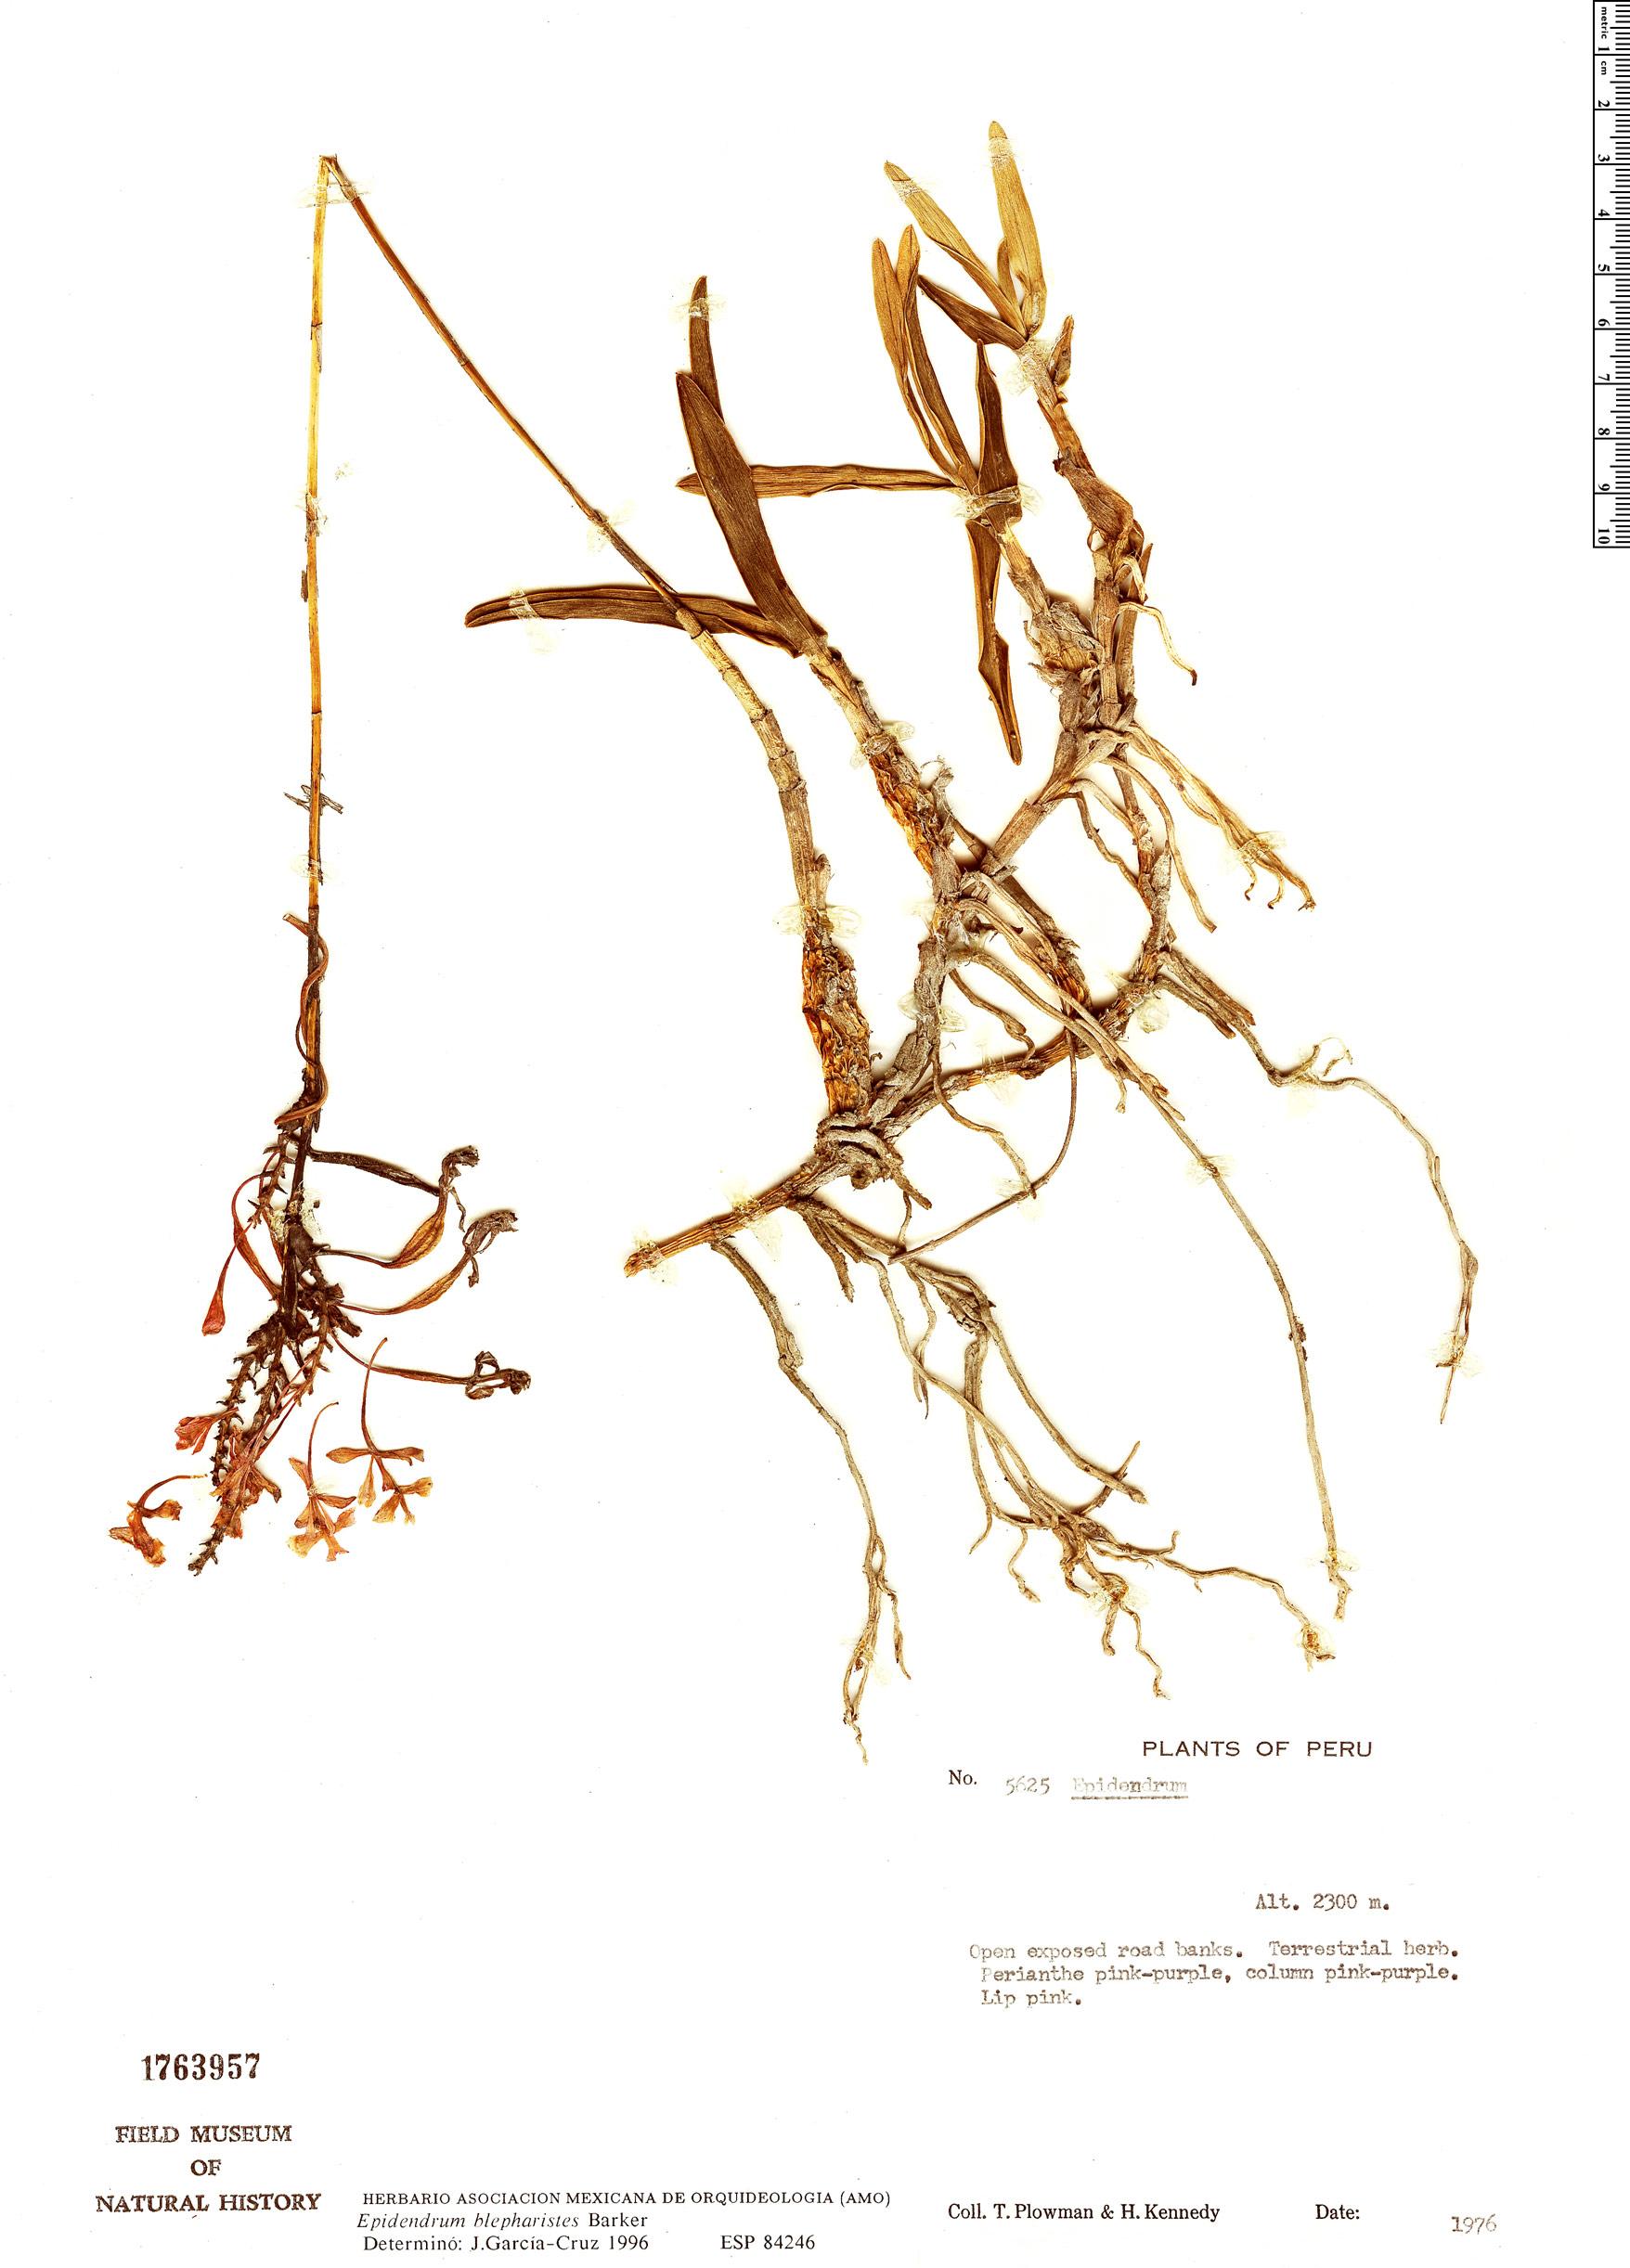 Specimen: Epidendrum blepharistes
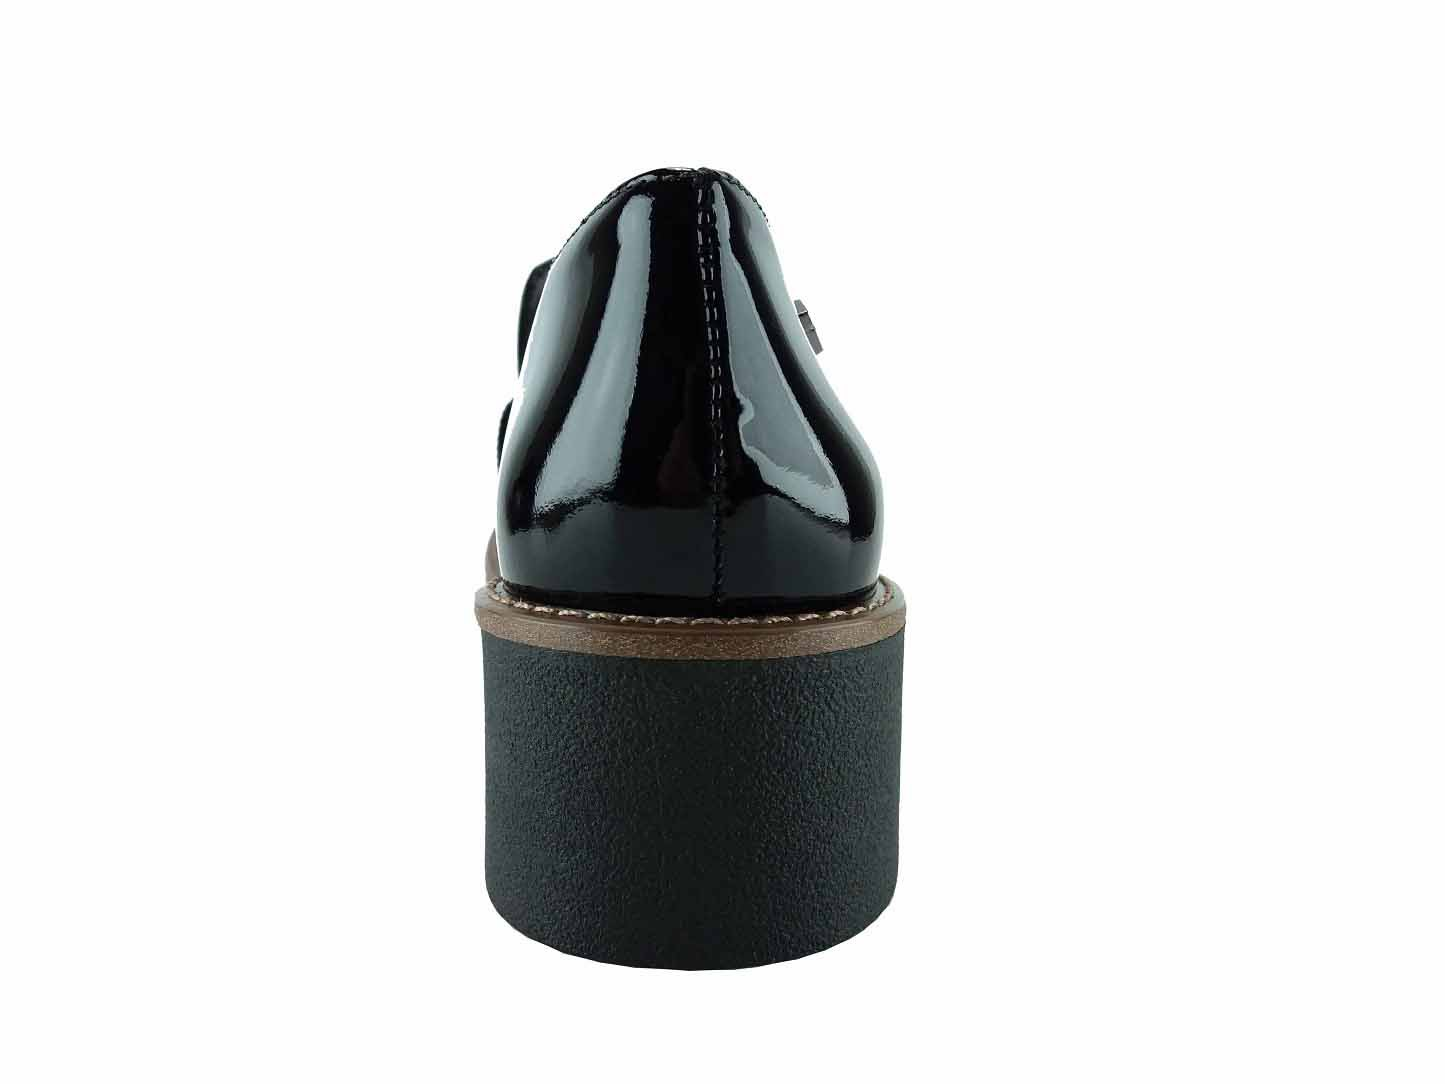 Sapato Loafer Feminino Verniz Preto Fusion Cristófoli
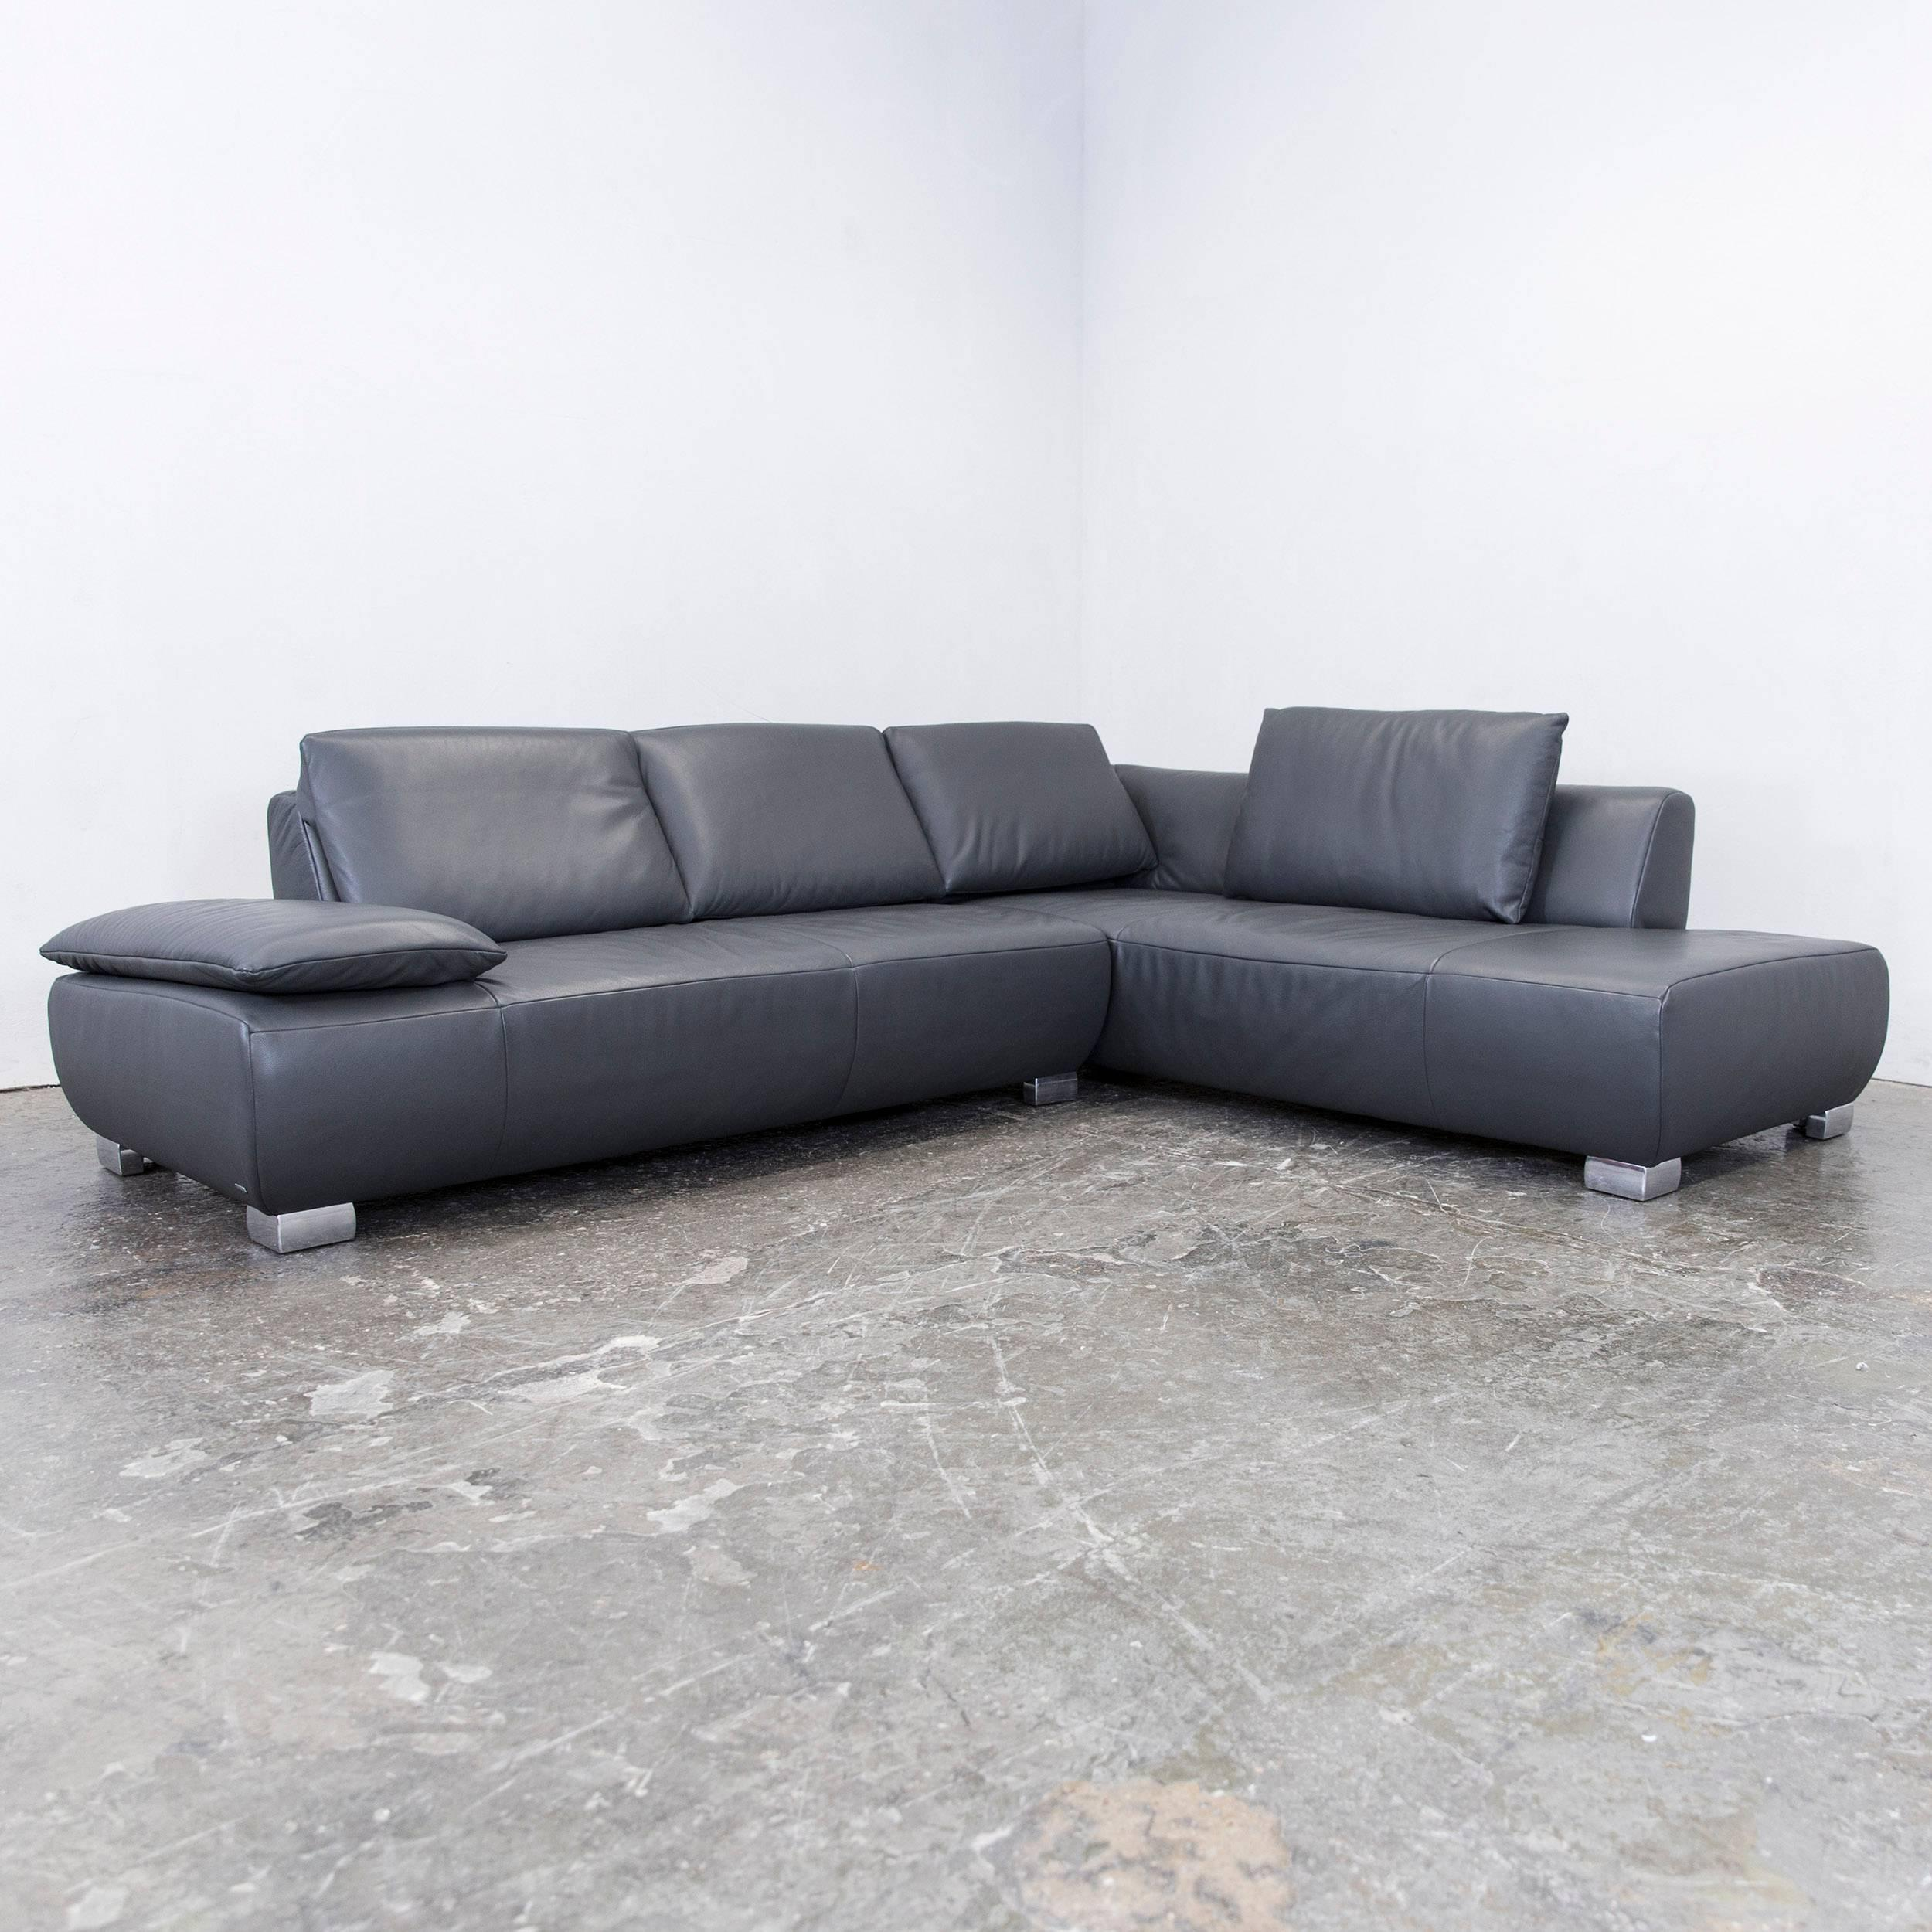 sofa eck interesting modulare sofa designs mit regalen im modernen wohnzimmer with sofa eck. Black Bedroom Furniture Sets. Home Design Ideas

What to produce: Transcribe the full listing above exactly as it stands, minus the pictures.

Your solution:
 Specimen: Epidendrum blepharistes
 Sapato Loafer Feminino Verniz Preto Fusion Cristófoli
 sofa eck interesting modulare sofa designs mit regalen im modernen wohnzimmer with sofa eck. Black Bedroom Furniture Sets. Home Design Ideas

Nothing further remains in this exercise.